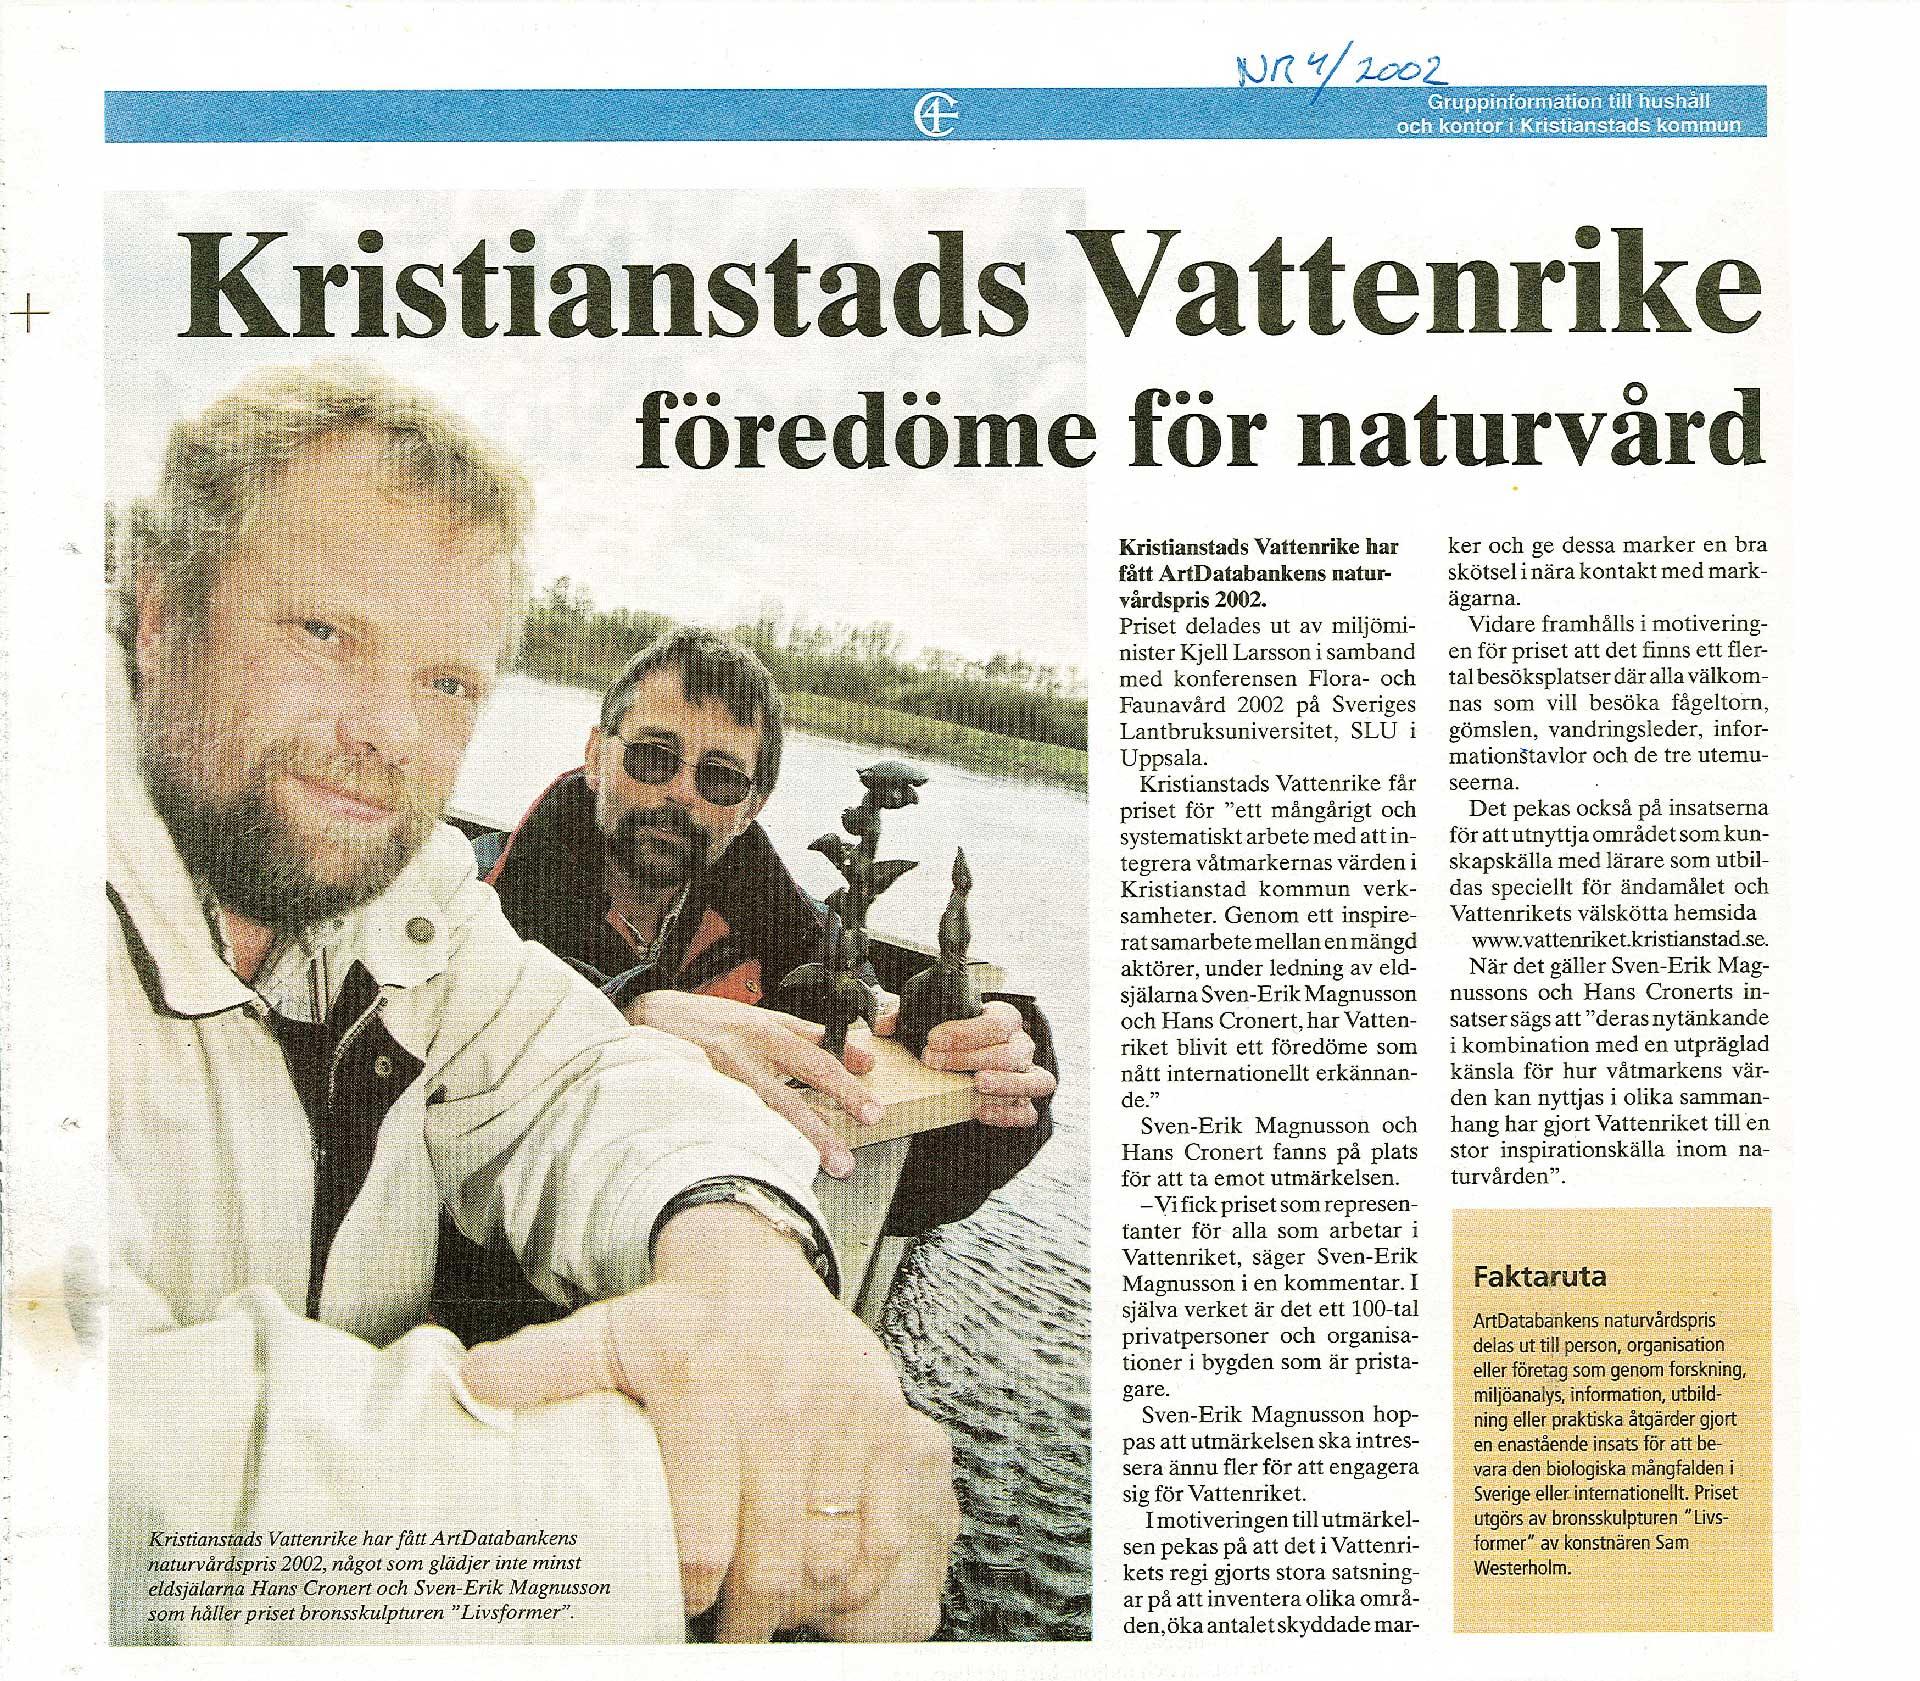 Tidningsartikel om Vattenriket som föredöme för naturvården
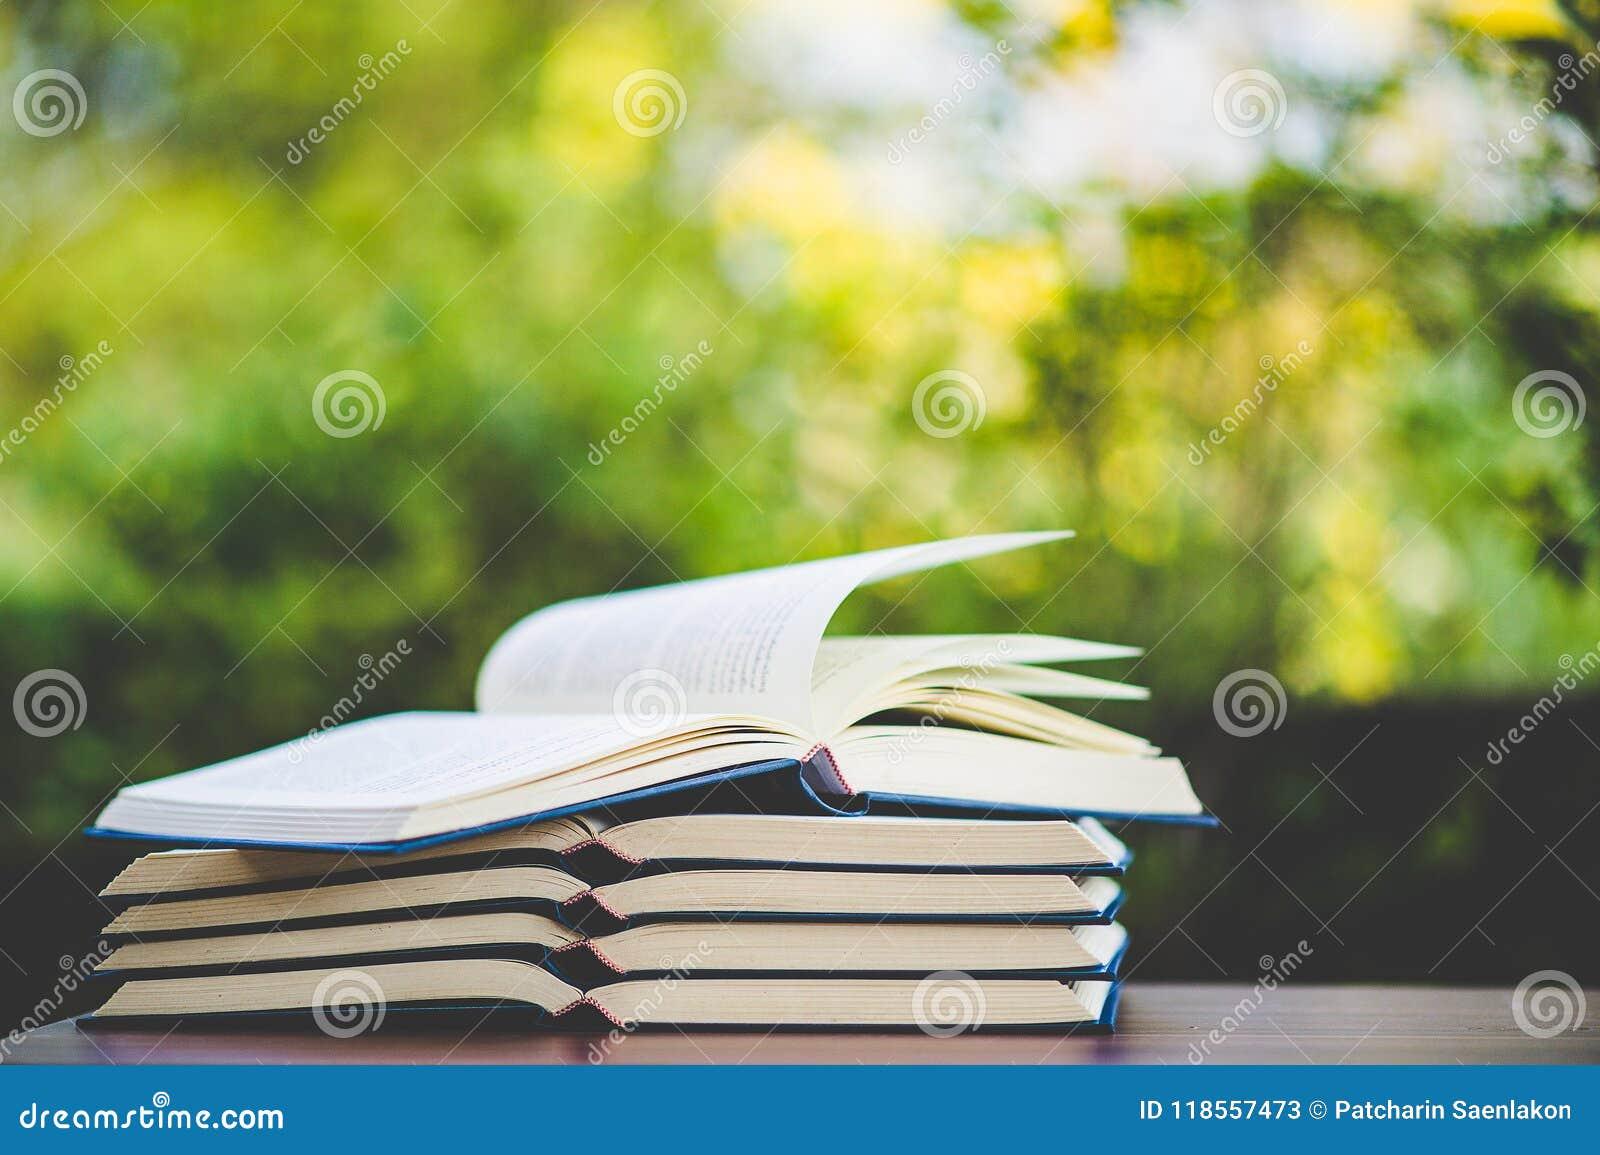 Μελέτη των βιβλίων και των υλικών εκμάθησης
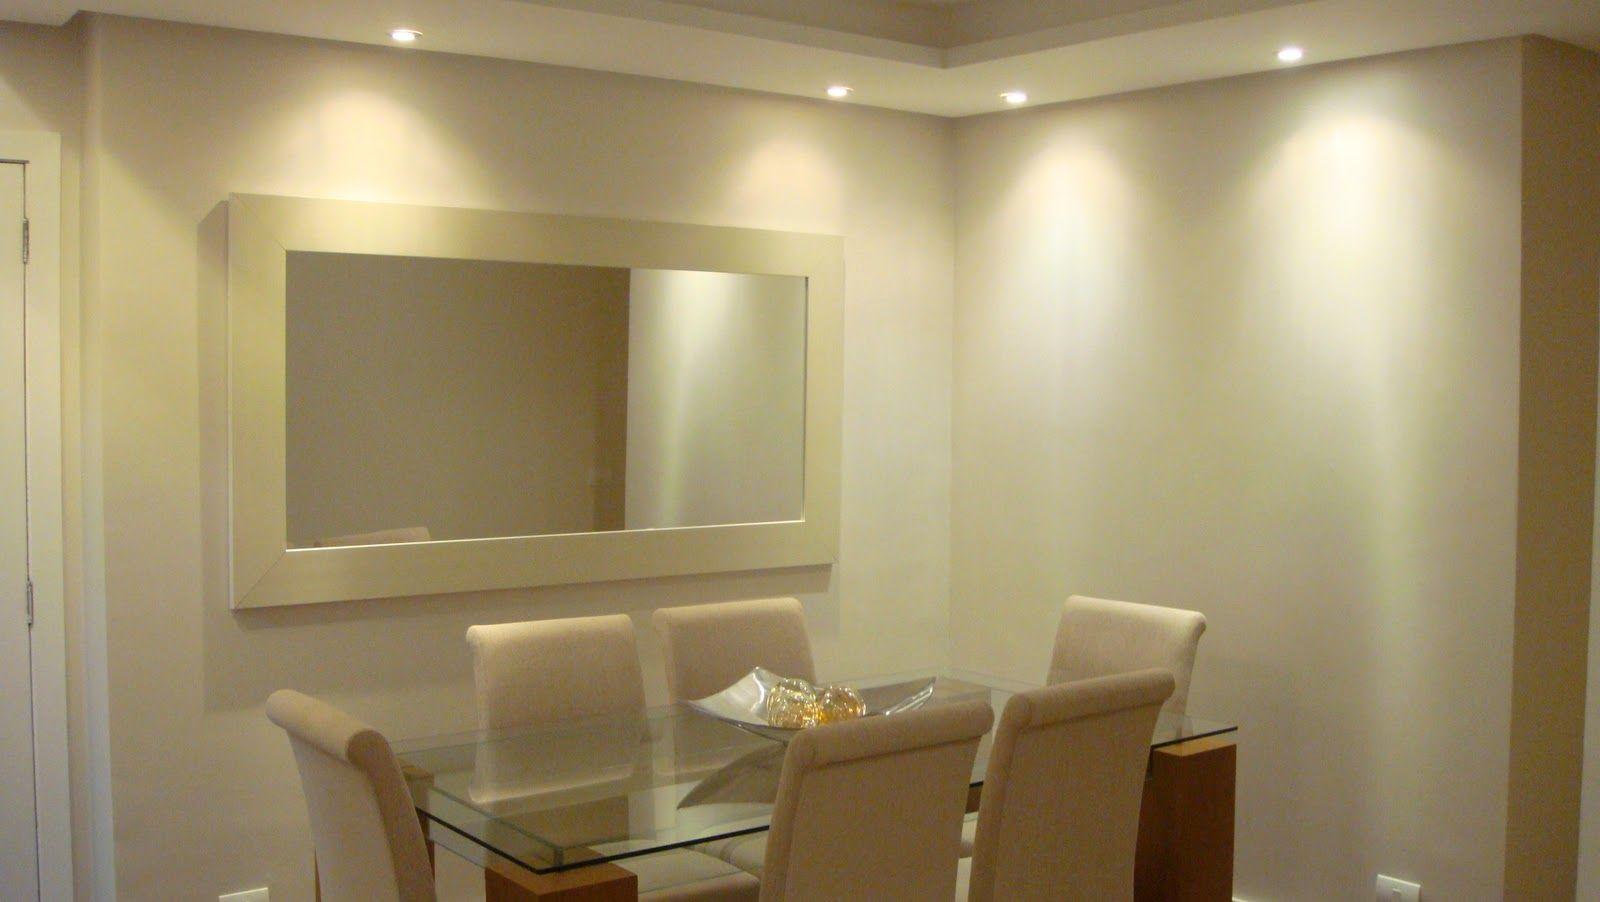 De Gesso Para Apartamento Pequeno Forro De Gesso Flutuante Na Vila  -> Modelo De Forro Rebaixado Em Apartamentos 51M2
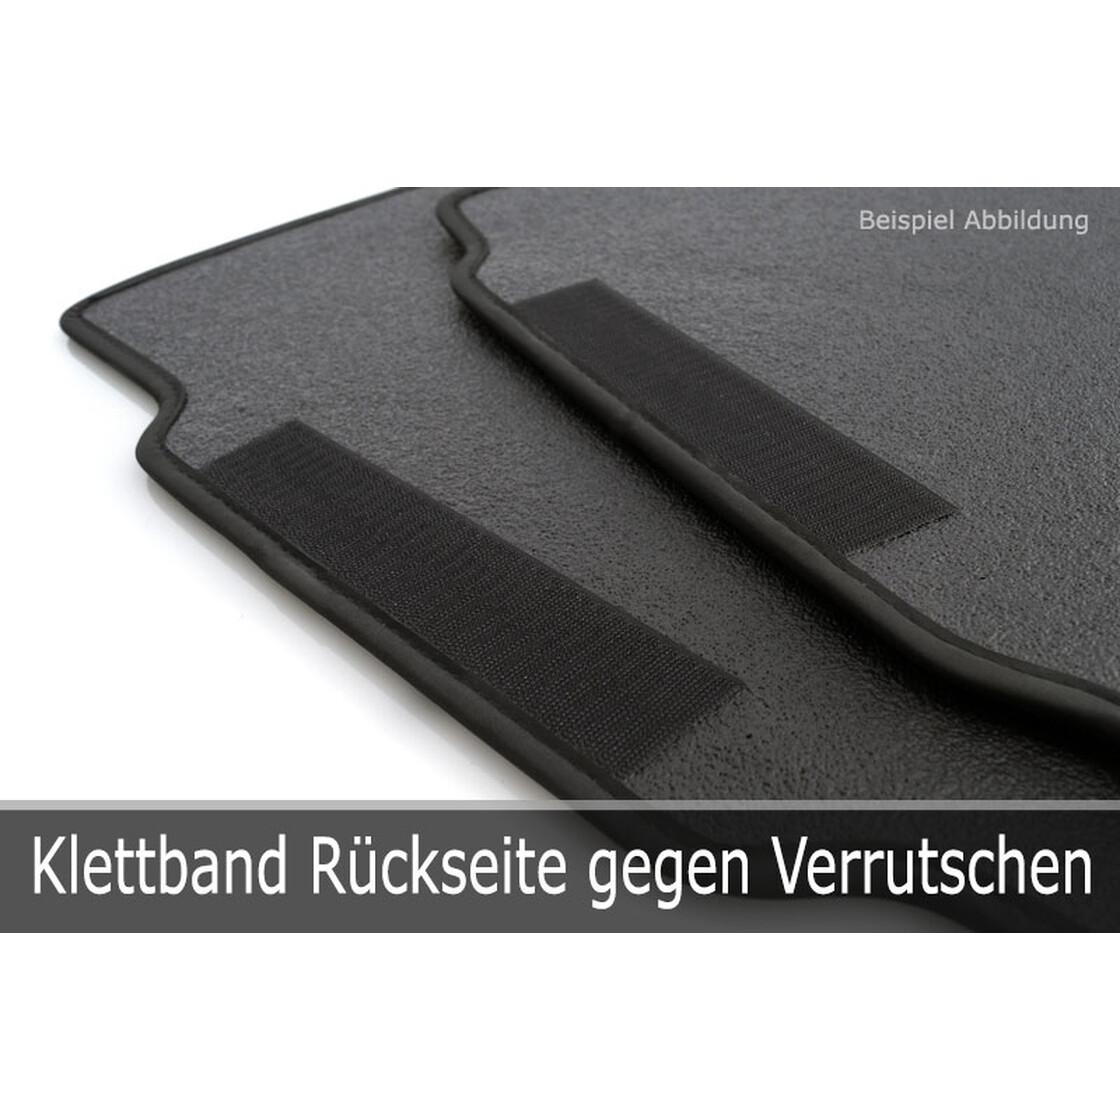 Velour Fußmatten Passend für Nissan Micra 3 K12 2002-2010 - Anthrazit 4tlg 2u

▸ WHAT TO DO:
In the listing, find the line containing "Μελέτη των βιβλίων και των υλικών εκμάθησης" and repeat it and every later line through the last one, word for word, excluding the pictures.

▸ RESPONSE TO THE EXERCISE:
 Μελέτη των βιβλίων και των υλικών εκμάθησης
 De Gesso Para Apartamento Pequeno Forro De Gesso Flutuante Na Vila  -> Modelo De Forro Rebaixado Em Apartamentos 51M2
 Velour Fußmatten Passend für Nissan Micra 3 K12 2002-2010 - Anthrazit 4tlg 2u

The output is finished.